Wie Sie Plastik schon jetzt vermeiden können

  • Kaffee aus Mehrwegbechern: Coffee to Go-Becher bestehen zum größten Teil aus Pappe. Was viele nicht wissen: Innen sind sie meist mit einer dünnen Plastikschicht versehen, auch der Deckel besteht fast immer aus Plastik. Mit einem Mehrweg- bzw. Thermobecher können Sie ganz einfach Abhilfe schaffen.
  • Seife, Shampoo und Duschgel am Stück: Im Gegensatz zu Flüssigseifen sind viele Stückseifen ohne Plastikverpackung erhältlich. Auch bieten manche Hersteller Shampoos in fester Form an. Werfen Sie in jedem Fall einen Blick auf die Inhaltsstoffe und meiden Sie Produkte mit Mikroplastik. Diese chemisch hergestellten Plastikzusätze erkennen Sie an den Inhaltsstoffen Acrylate Copolymer (AC), Acrylate Crosspolymer (ACS), Dimethiconol, Methicone, Polyamide (PA, Nylon), Polyacrylate (PA), Polymethylmetacrylate (PMMA), Polyquaternium (PQ), Polyethylene (PE), Polyethyleneglycol (PEG), Polyethyleneterephtalate (PET), Polypropylene (PP), Polypropyleneglycol (PPG), Polystyrene (PS), Polyurethane (PUR) und Siloxane. Noch bequemer: Mit den kostenlosen Apps Codecheck und Beat the Microbead können Sie den Barcode des jeweiligen Produktes abfotografieren und erhalten sofort Auskunft, ob Ihr Produkt bedenkliche Inhaltsstoffe wie Mikroplastik enthält.
  • Nachhaltige Zahnbürsten und Rasierer: Für Zahnbürsten aus Plastik gibt es tolle Alternativen, wie Produkte aus Bambus oder biologisch abbaubarem Nylon. Einige Hersteller bieten auch natürliche Zahnseide, etwa aus Seide oder Bienenwachs. Bei Rasierern sollten Sie auf Holz- oder Metallprodukte setzen. Zwar müssen Sie auch bei diesen regelmäßig die Klingen wechseln, dadurch wird aber deutlich weniger Müll verursacht, als durch Einwegrasierer & Co.
  • Plastikfreie Damenhygiene: Auch für Tampons, Slipeinlagen und Damenbinden stehen plastikfreie Alternativen zur Verfügung, wie Menstruationstassen aus Silikon oder waschbare Slipeinlagen und Binden aus Bio-Baumwolle.

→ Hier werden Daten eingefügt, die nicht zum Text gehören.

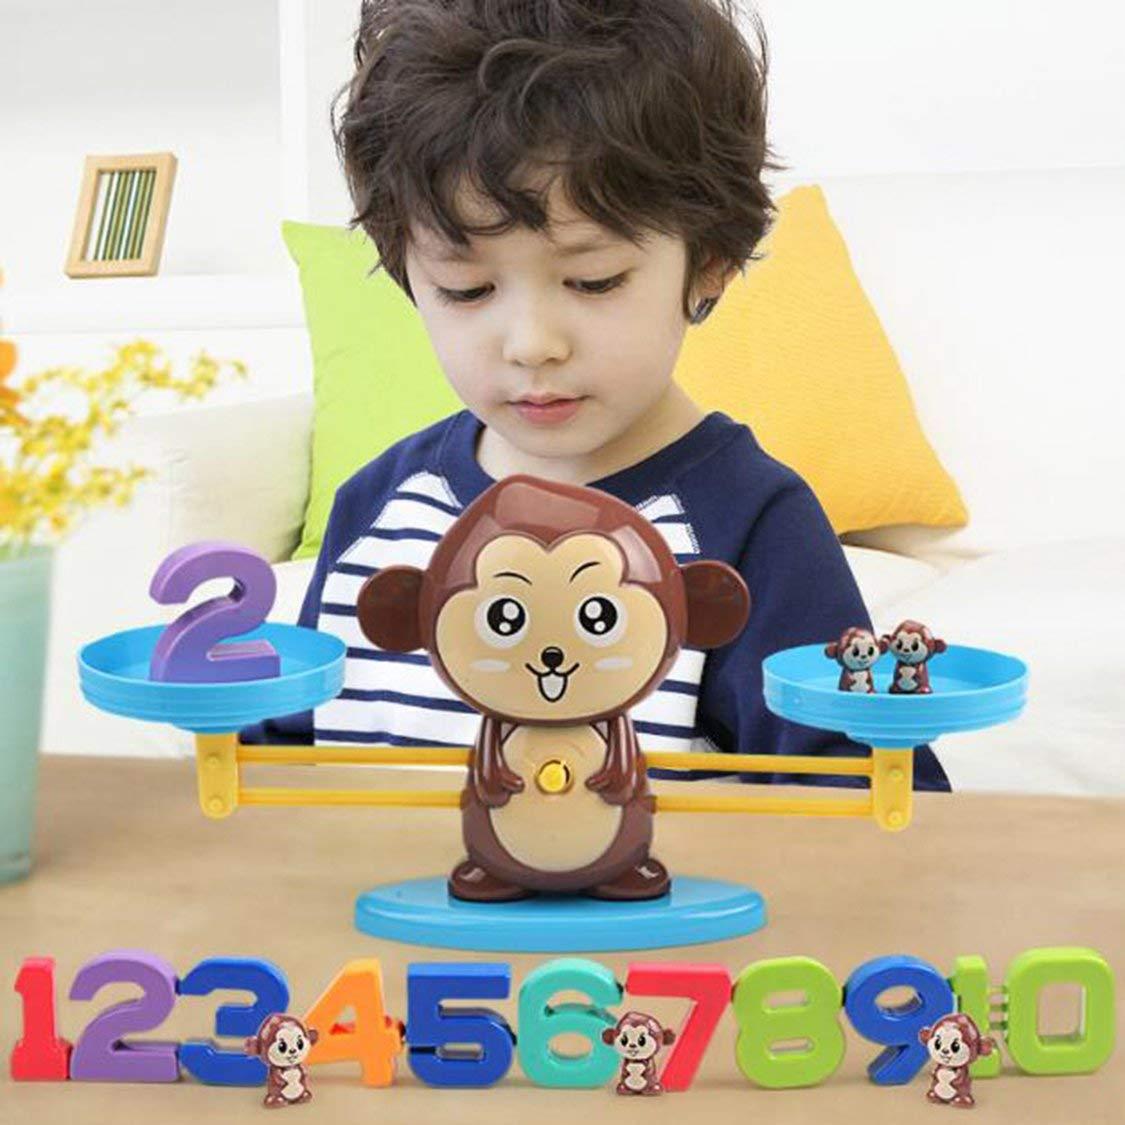 Outils d/éducation de la Petite enfance Singe /Équilibre math/ématique Addition num/érique Comptage Enseignement pour Enfants Family Table Game
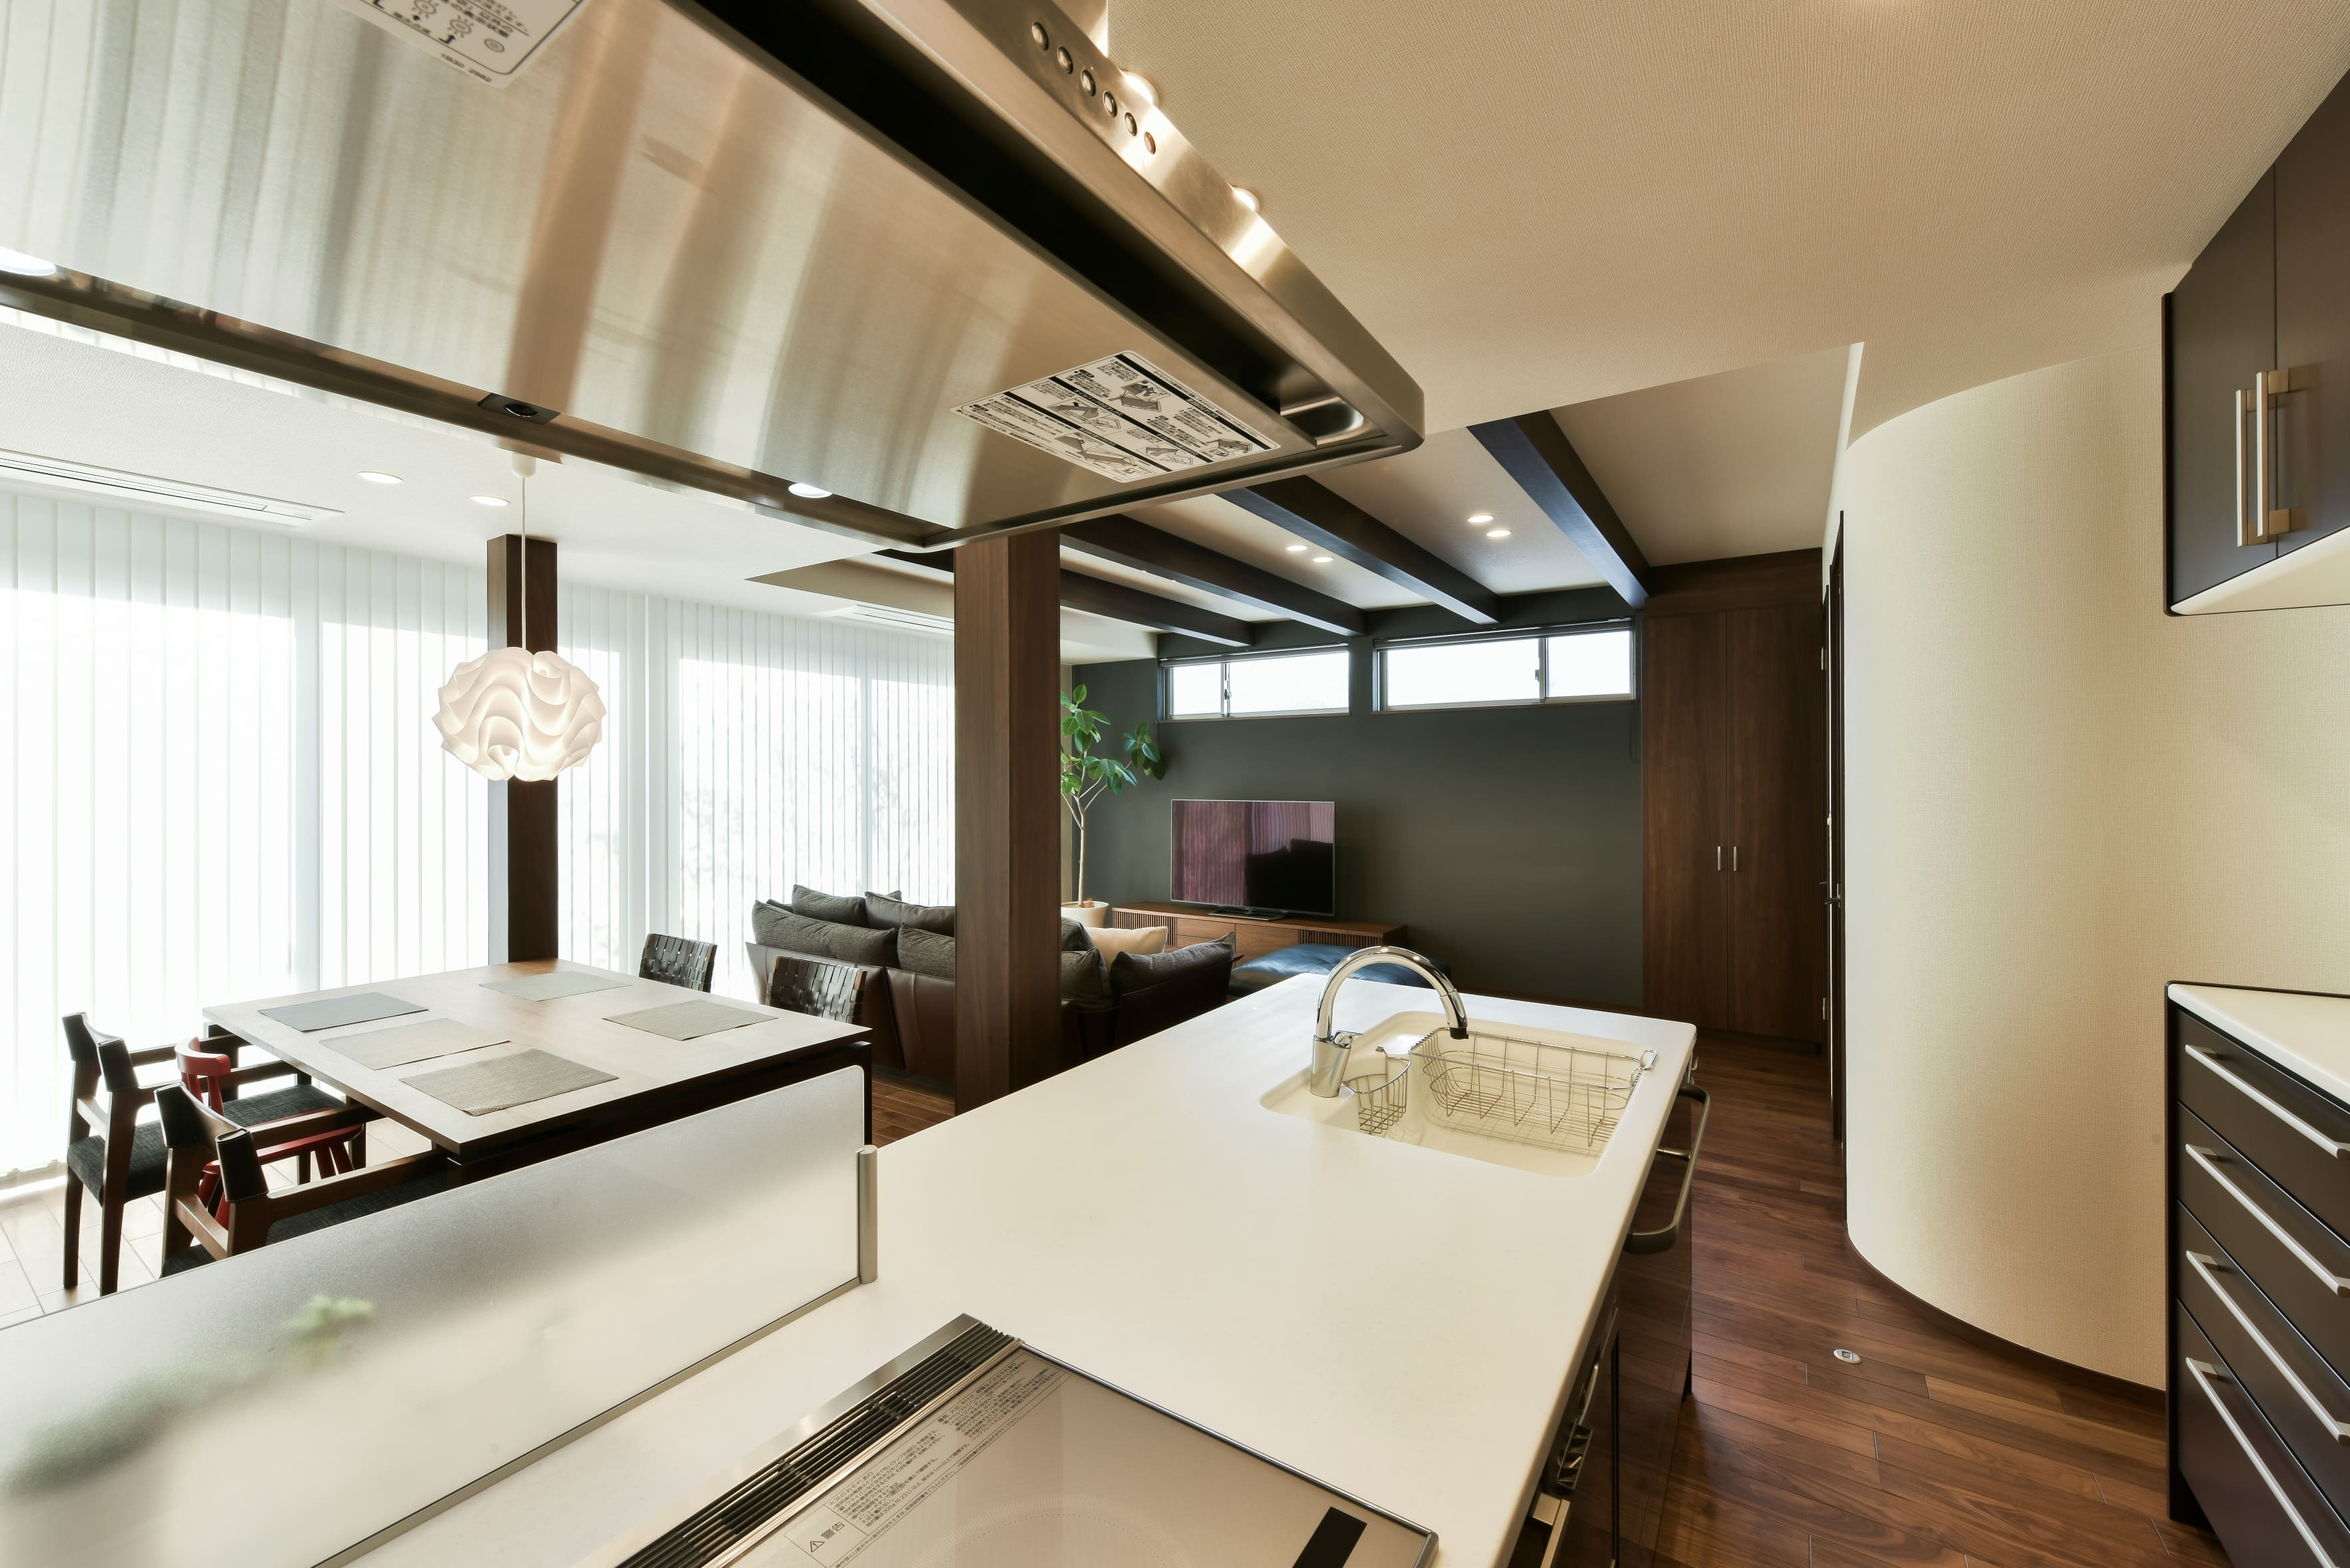 キッチン事例:LDを見渡せる対面式キッチン(奥様の実家を増築して二世帯住宅にリフォーム。LDを広げて開放感あふれる空間に。)

  • Wiederverwendbare Lunchboxen: Statt Plastikverpackungen und -dosen sollten sie auf Behälter aus Glas, Edelstahl und Holz setzen. Auch leere Marmeladengläser finden so schnell eine neue Verwendung.
  • Leitungswasser trinken: Die Wasserqualität in Österreich ist ausgezeichnet und wird ständig überwacht. Leitungswasser kann also bedenkenlos getrunken werden und spart dazu noch jede Menge Plastikmüll.
  • Plastikfrei einkaufen: Verzichten Sie beim Einkaufen auf Obst- und Gemüsesackerl aus Plastik. Setzen Sie stattdessen auf waschbare Stoffnetze. Gleiches gilt für Einkaufstüten. Auch indem Sie Milchprodukte im Glas kaufen, tun Sie der Umwelt etwas Gutes.
  • Frisch kochen: Fertigprodukte und Fastfood sind oft in unnötig viel Plastik verpackt. Wenn Sie den Kunststoff in Ihrem Alltag reduzieren möchten, sollten Sie daher besser frisch kochen – das ist ohnehin gesünder.

Bitte helfen Sie mit, Plastik zu vermeiden! Die Tiere, die Umwelt und Ihre Gesundheit werden es Ihnen danken!